GitHub - project-gemmi/mmcif-benchmark: Benchmarks for reading and interpreting mmCIF files

mmCIF files

wwPDB provides three kinds of PDBx/mmCIF files:

coordinate files (models, "normal" mmCIF)
structure factors (experimental data, SF-mmCIF)
Chemical Component Dictionary with the main file named components.cif.

How quickly these files can be parsed?

For big files, we test components.cif from Aug 2021 - 327 MB, coordinate file 3j3q.cif - 230 MB, and reflection file 4v9p - 248 MB.

These three files are pretty big (although the PDB has 10x bigger SF-mmCIF files).
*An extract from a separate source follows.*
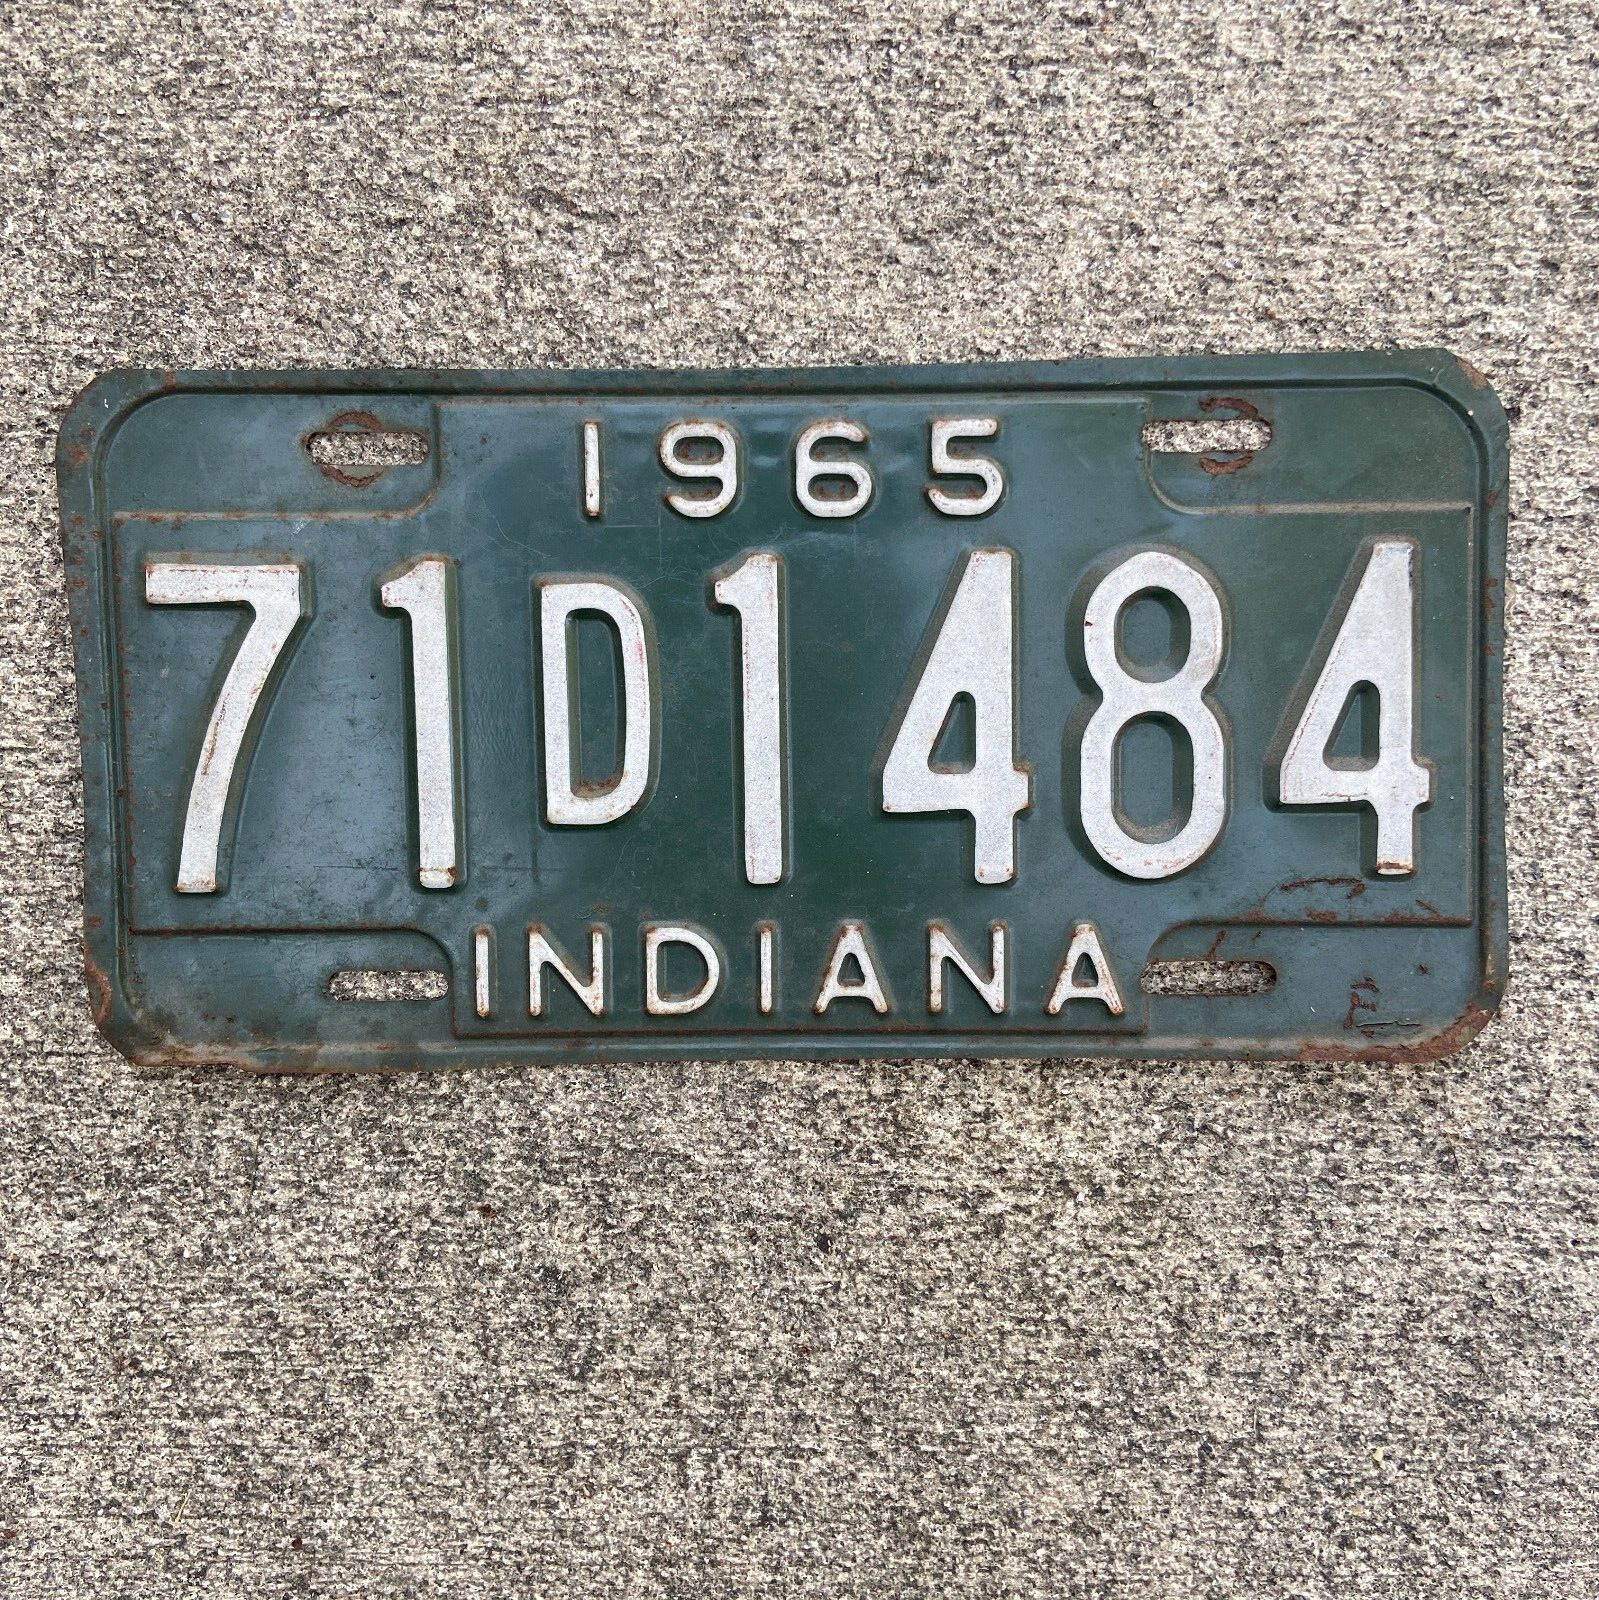 Vintage 1965 Indiana License Plate 71 D 1484 Green White IND-65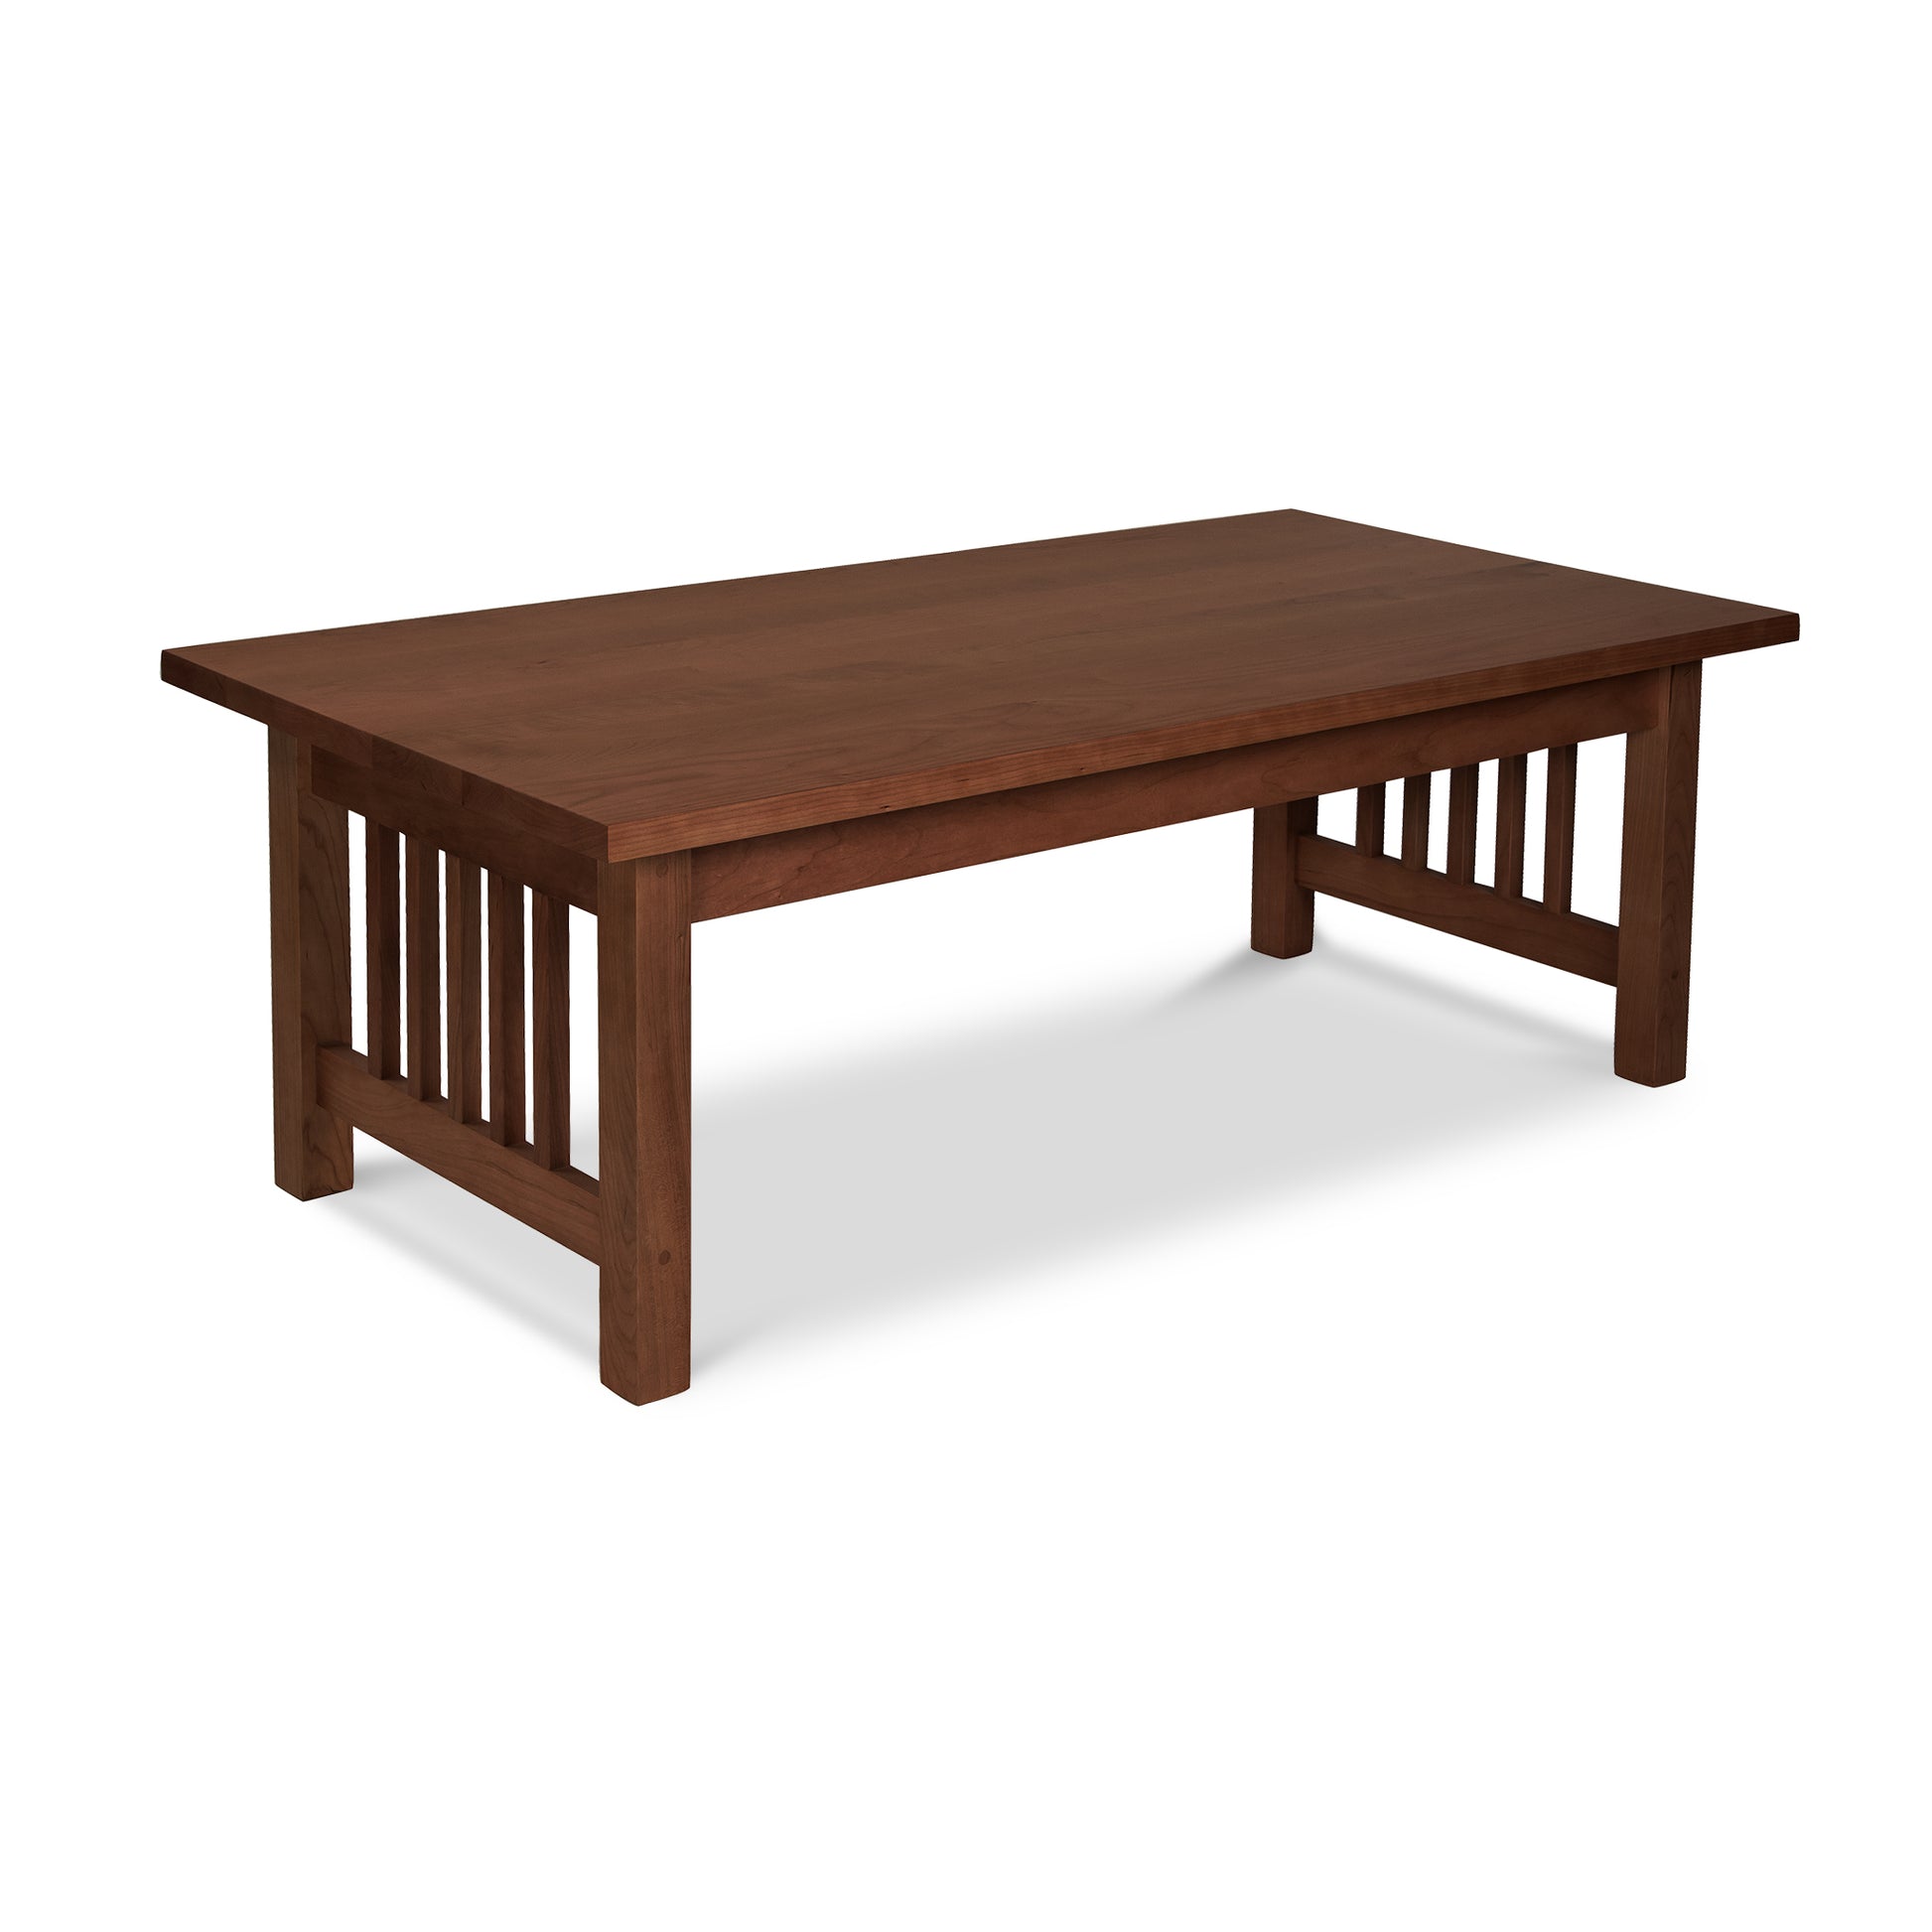 A small wooden American Mission Coffee Table by Lyndon Furniture on a white background, handcrafted and American-made.

To add more representative files I used two entries from MMTF benchmark: 4fxz (428KB) and 1cjb (836KB) that represent structures around the 50 and 75 percentile of the PDB size distribution (no. 50 from the corresponding sample_NN.csv files there).

The data files can be downloaded from wwPDB:

DATA="ftp://ftp.wwpdb.org/pub/pdb/data"
wget $DATA/monomers/components.cif.gz
wget $DATA/structures/divided/mmCIF/j3/3j3q.cif.gz
wget $DATA/structures/divided/structure_factors/v9/r4v9psf.ent.gz
wget $DATA/structures/divided/mmCIF/fx/4fxz.cif.gz
wget $DATA/structures/divided/mmCIF/cj/1cjb.cif.gz
gunzip *.gz

Note: benchmarks made by an author of one of the benchmarked programs are always suspicious. This benchmark was prepared by the author of Gemmi.

CIF parsing

In this section I benchmarked function calls and helper programs that work with CIF files on the syntactic level. The programs do different things, so I compare apples to oranges, but it gives you some idea what to expect.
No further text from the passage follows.